• What needs to be done: Transcribe the material verbatim, starting at its first line and stopping once the line containing "2007/07 PEUGEOT 207" has been given; no picture should appear.

• Available data:
►

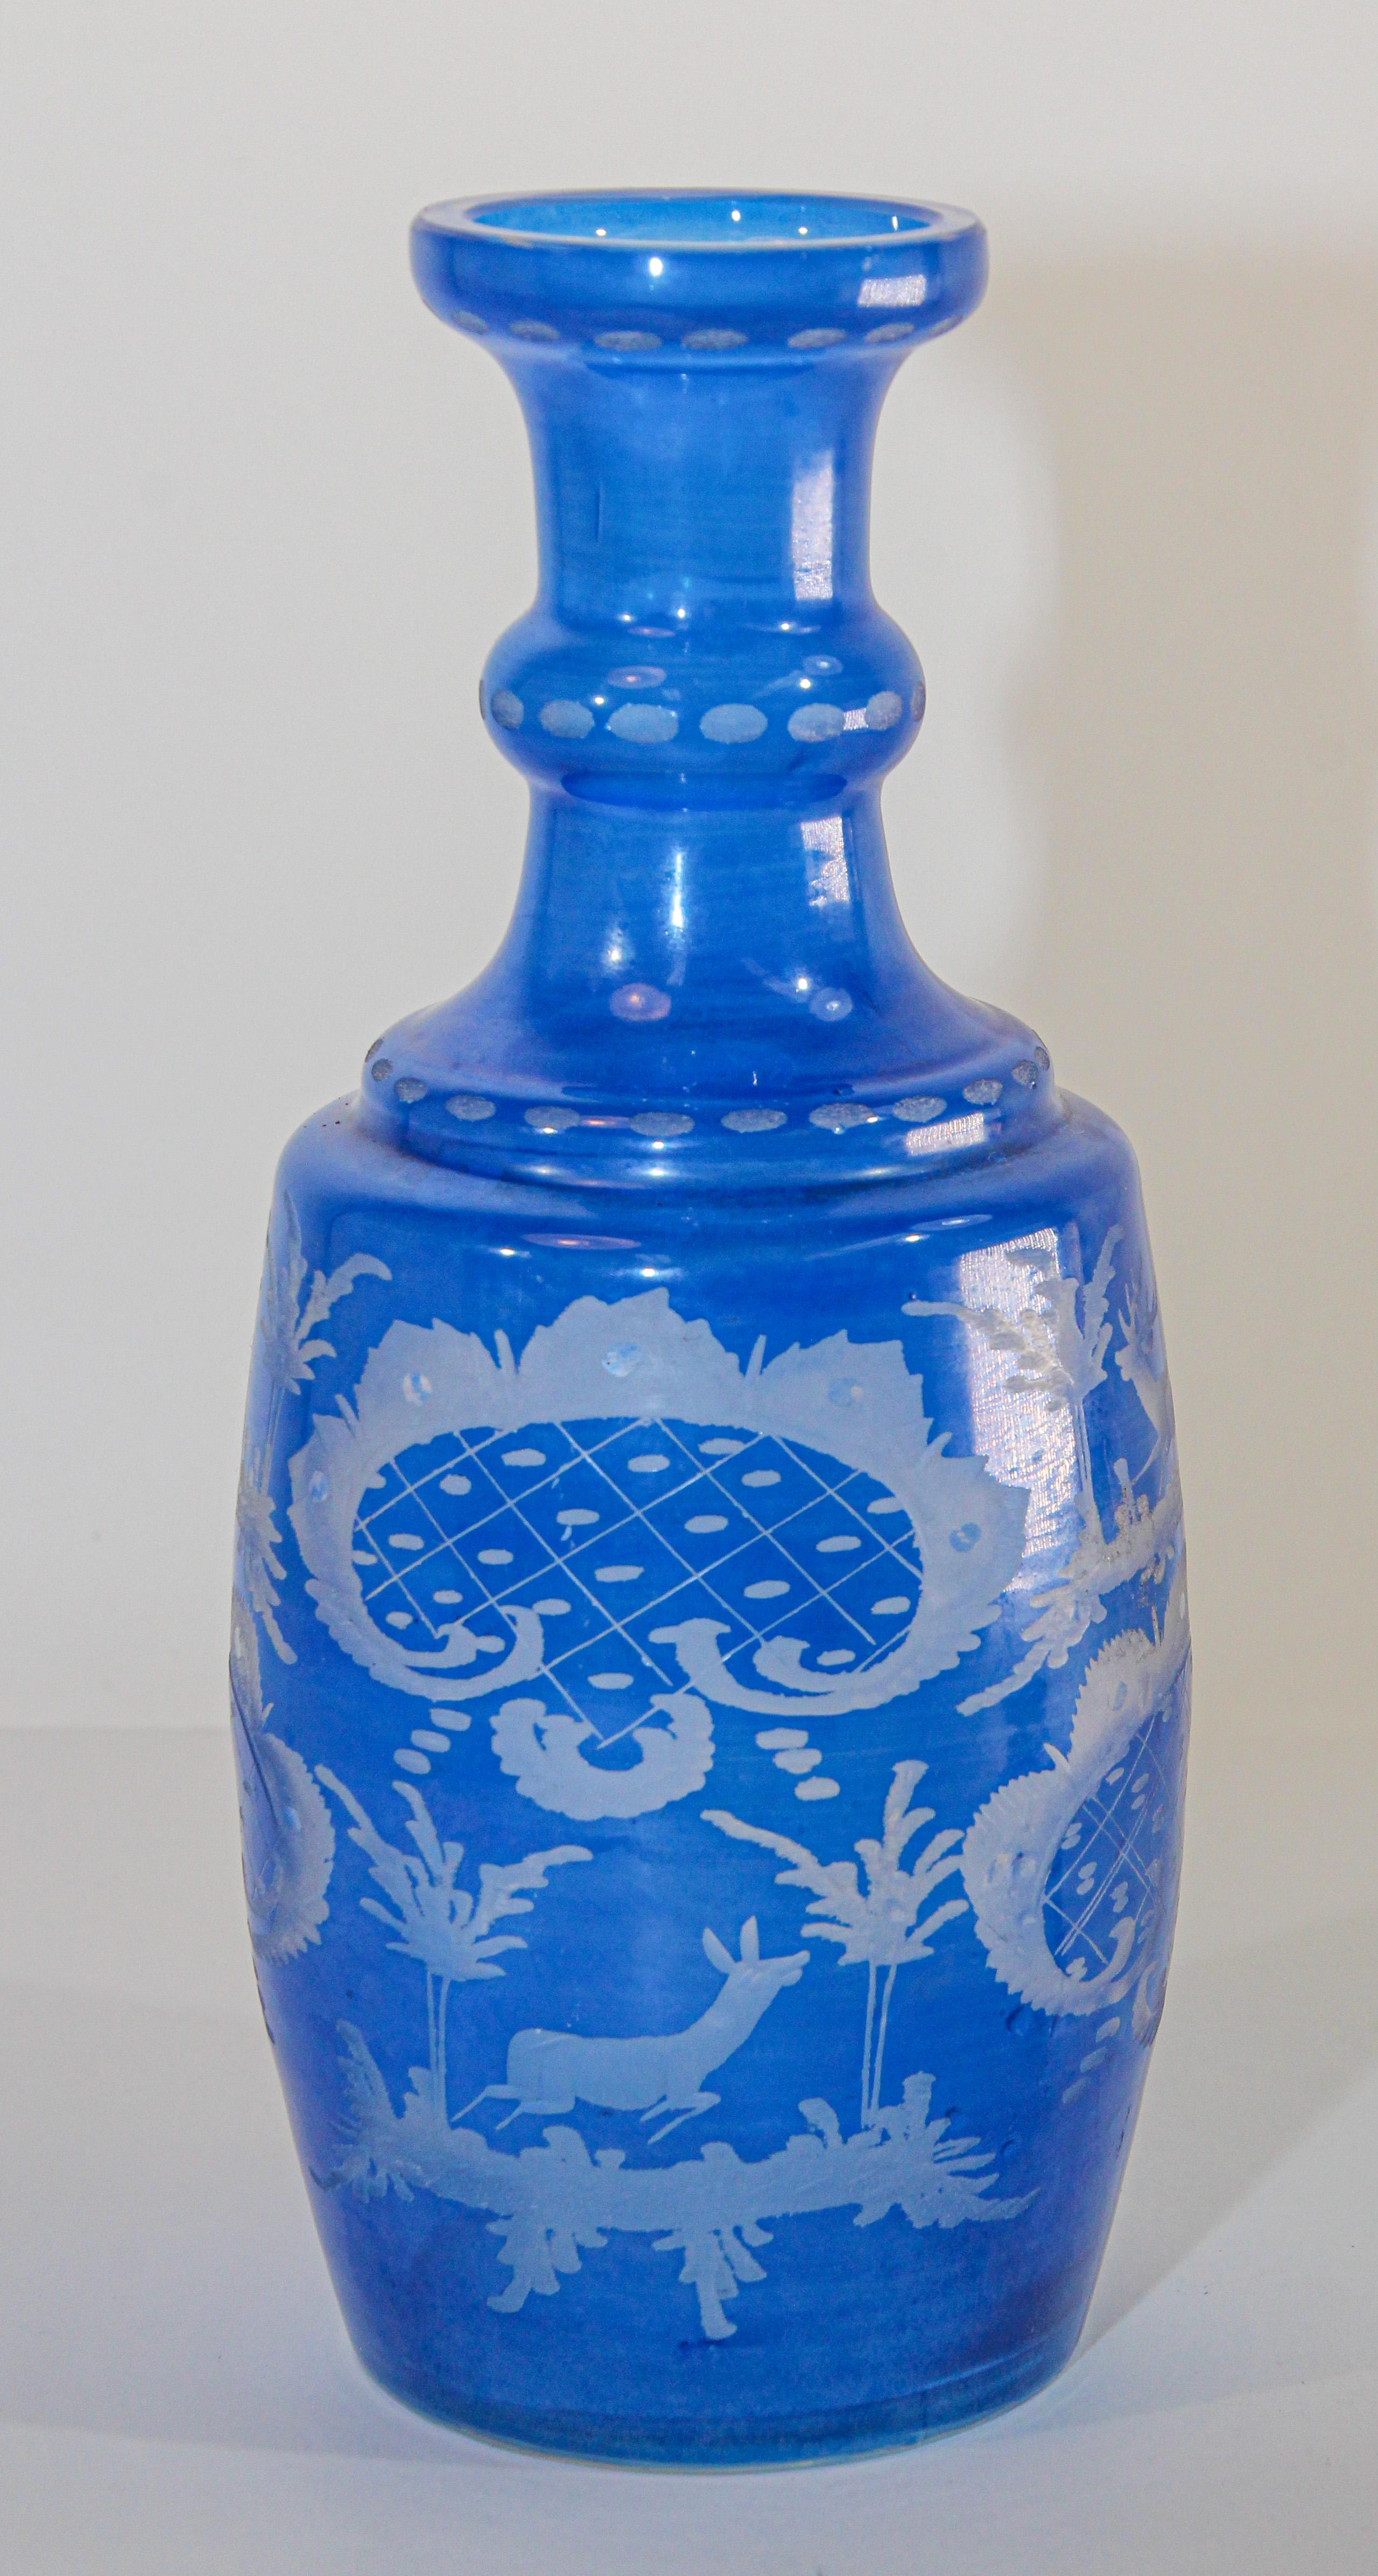 Bohemian Blue Antique Engraved Glass Bottle Covered Decanter For Sale 3
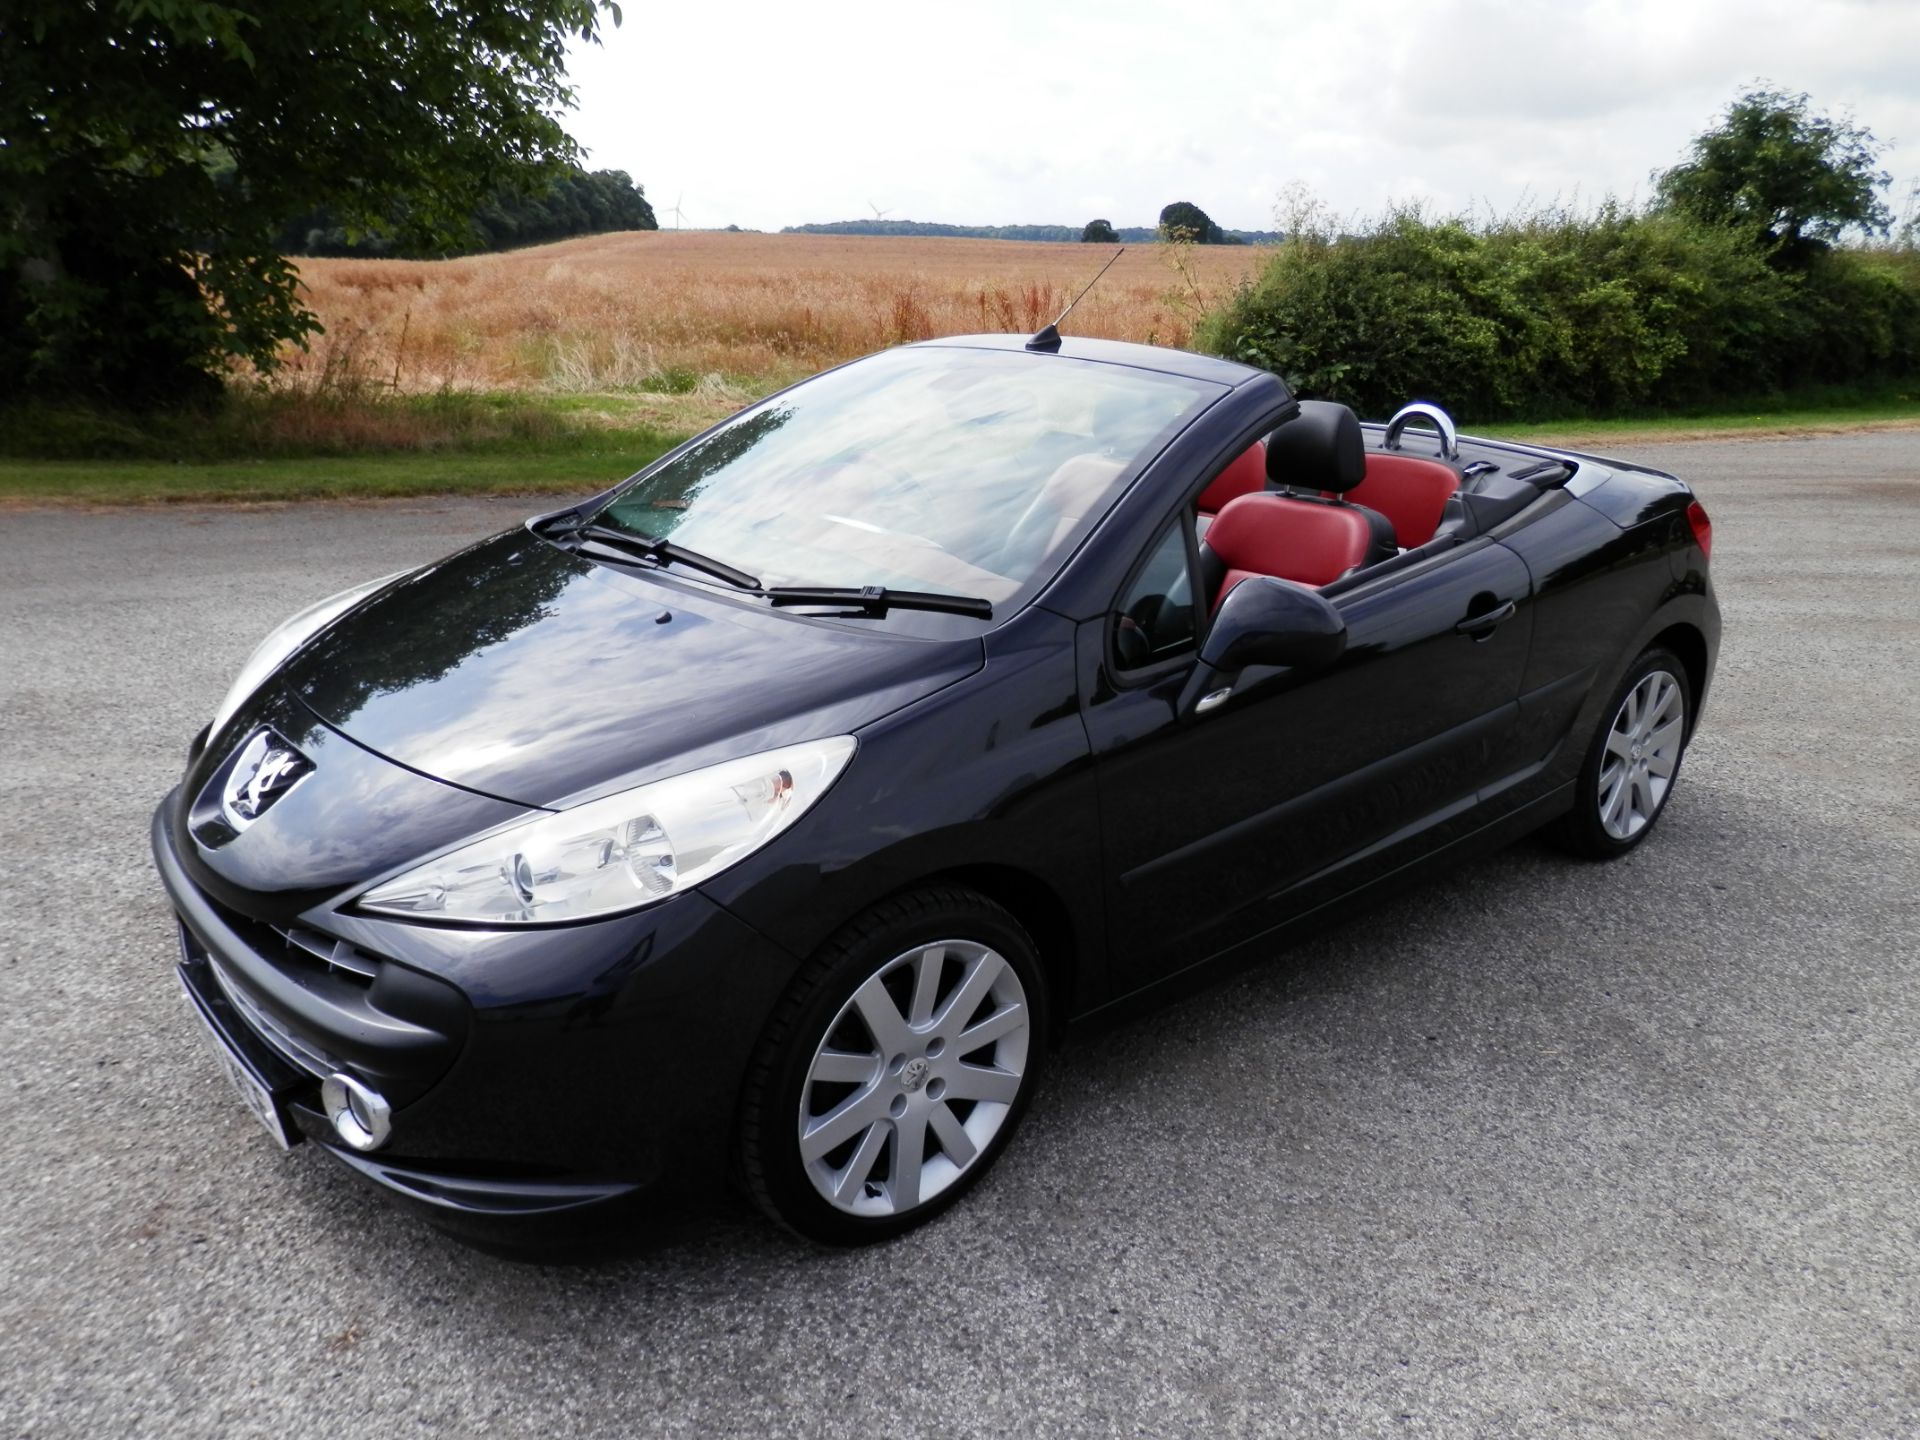 2007/07 PEUGEOT 207 COUPE CABRIOLET - 1.6 16V GT THP 2dr, WITH 2 TONE BLACK & READ LEATHER INTERIOR.
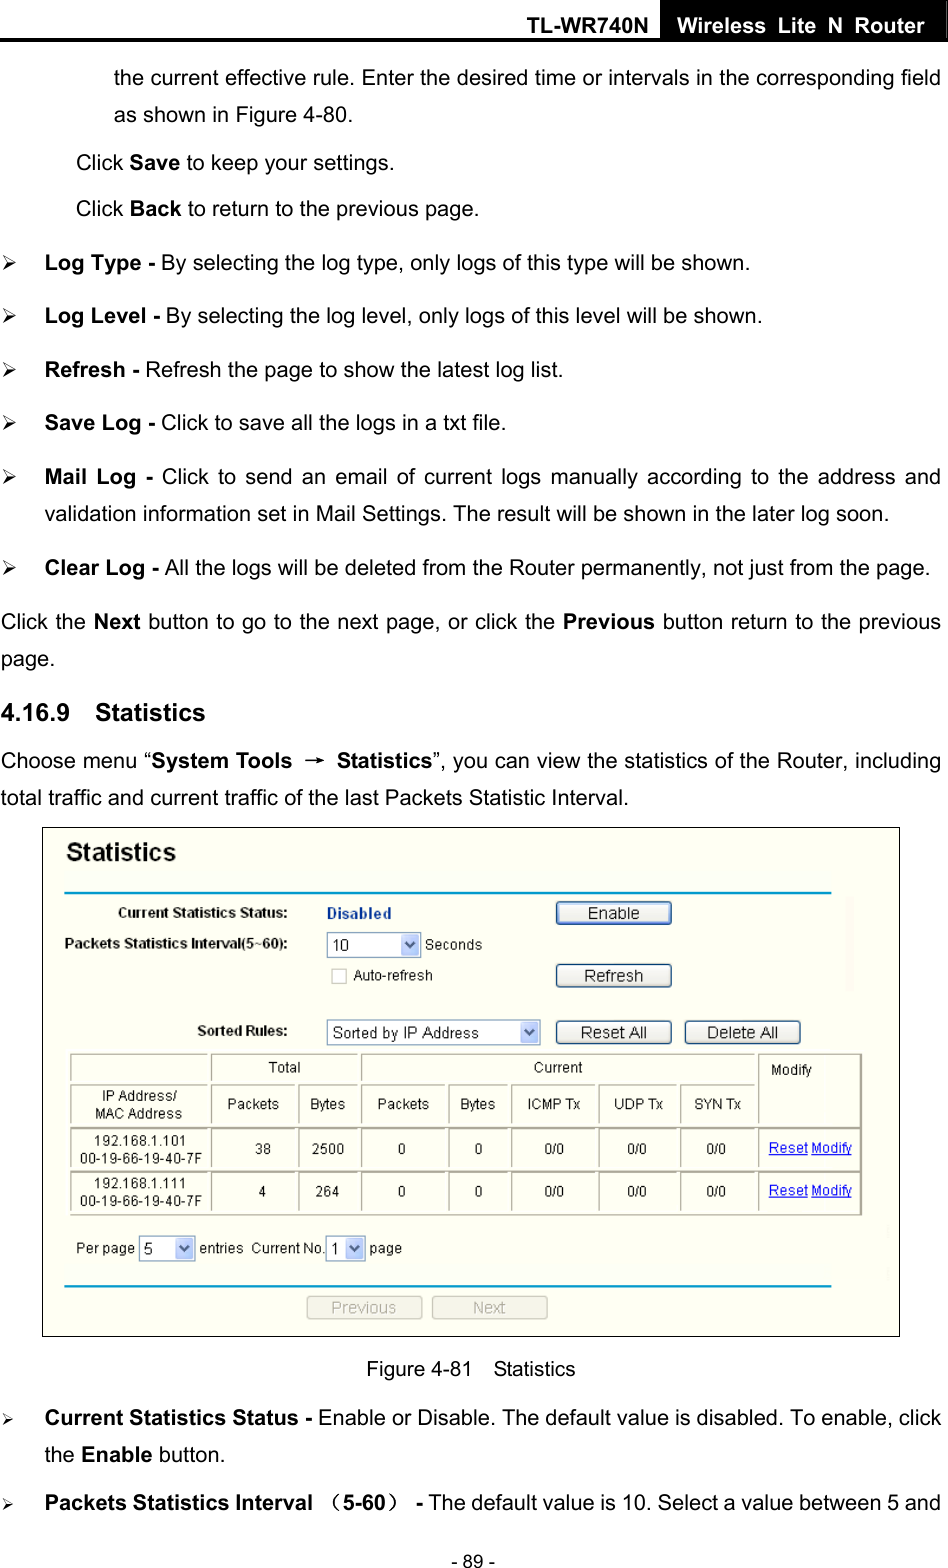 TL-WR740N Wireless Lite N Router  - 89 - the current effective rule. Enter the desired time or intervals in the corresponding field as shown in Figure 4-80. Click Save to keep your settings. Click Back to return to the previous page. ¾ Log Type - By selecting the log type, only logs of this type will be shown.   ¾ Log Level - By selecting the log level, only logs of this level will be shown.   ¾ Refresh - Refresh the page to show the latest log list.   ¾ Save Log - Click to save all the logs in a txt file.   ¾ Mail Log - Click to send an email of current logs manually according to the address and validation information set in Mail Settings. The result will be shown in the later log soon.   ¾ Clear Log - All the logs will be deleted from the Router permanently, not just from the page.   Click the Next button to go to the next page, or click the Previous button return to the previous page. 4.16.9  Statistics Choose menu “System Tools  → Statistics”, you can view the statistics of the Router, including total traffic and current traffic of the last Packets Statistic Interval.  Figure 4-81  Statistics ¾ Current Statistics Status - Enable or Disable. The default value is disabled. To enable, click the Enable button.   ¾ Packets Statistics Interval （5-60） - The default value is 10. Select a value between 5 and 
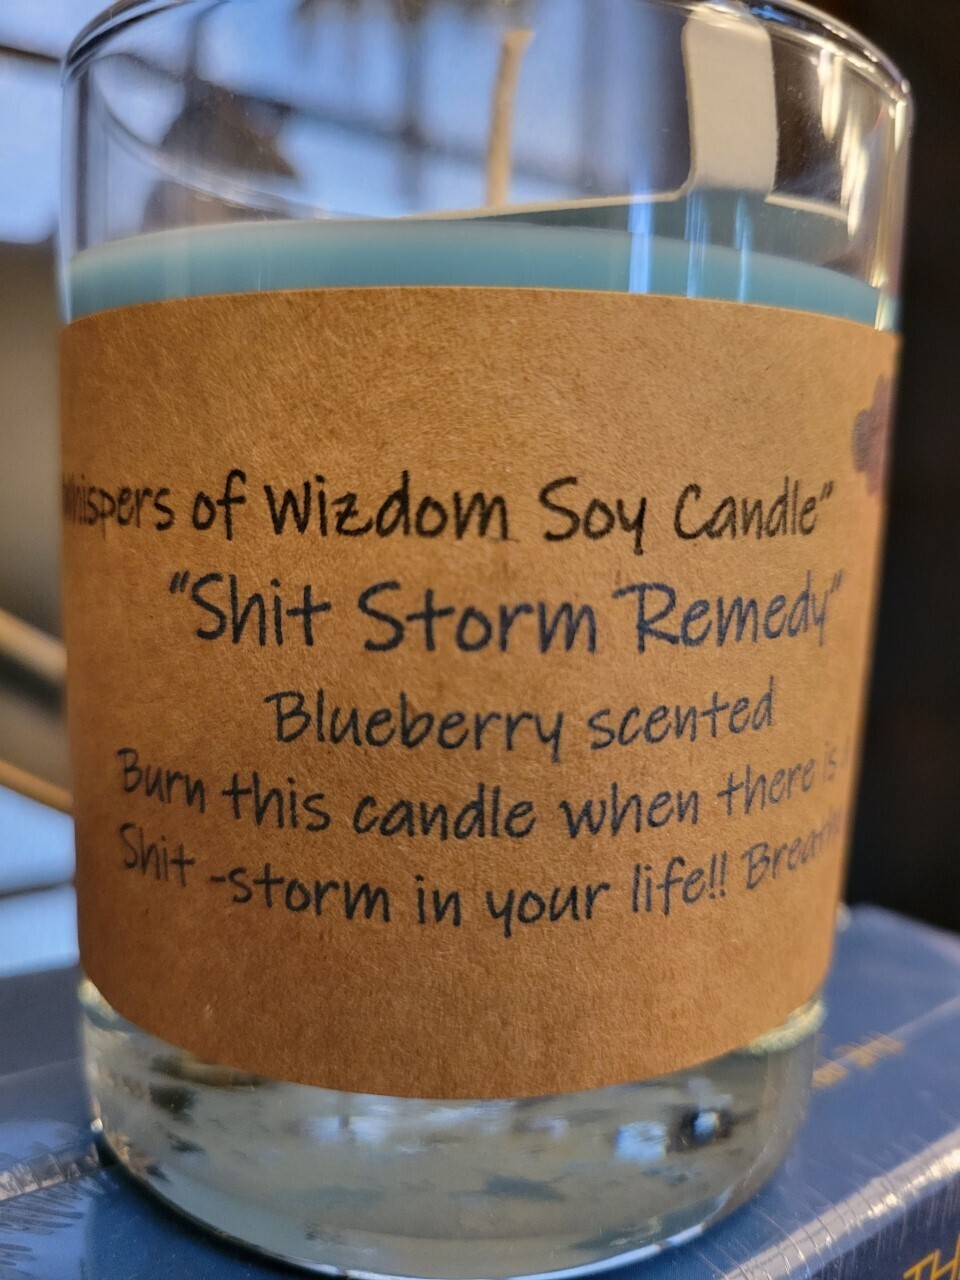 Judy's Soy Candle -"Shit Storm Remedy"

◄

• Exercise answer:
 Bohemian Blue Antique Engraved Glass Bottle Covered Decanter For Sale 3
 2007/07 PEUGEOT 207 COUPE CABRIOLET - 1.6 16V GT THP 2dr, WITH 2 TONE BLACK & READ LEATHER INTERIOR.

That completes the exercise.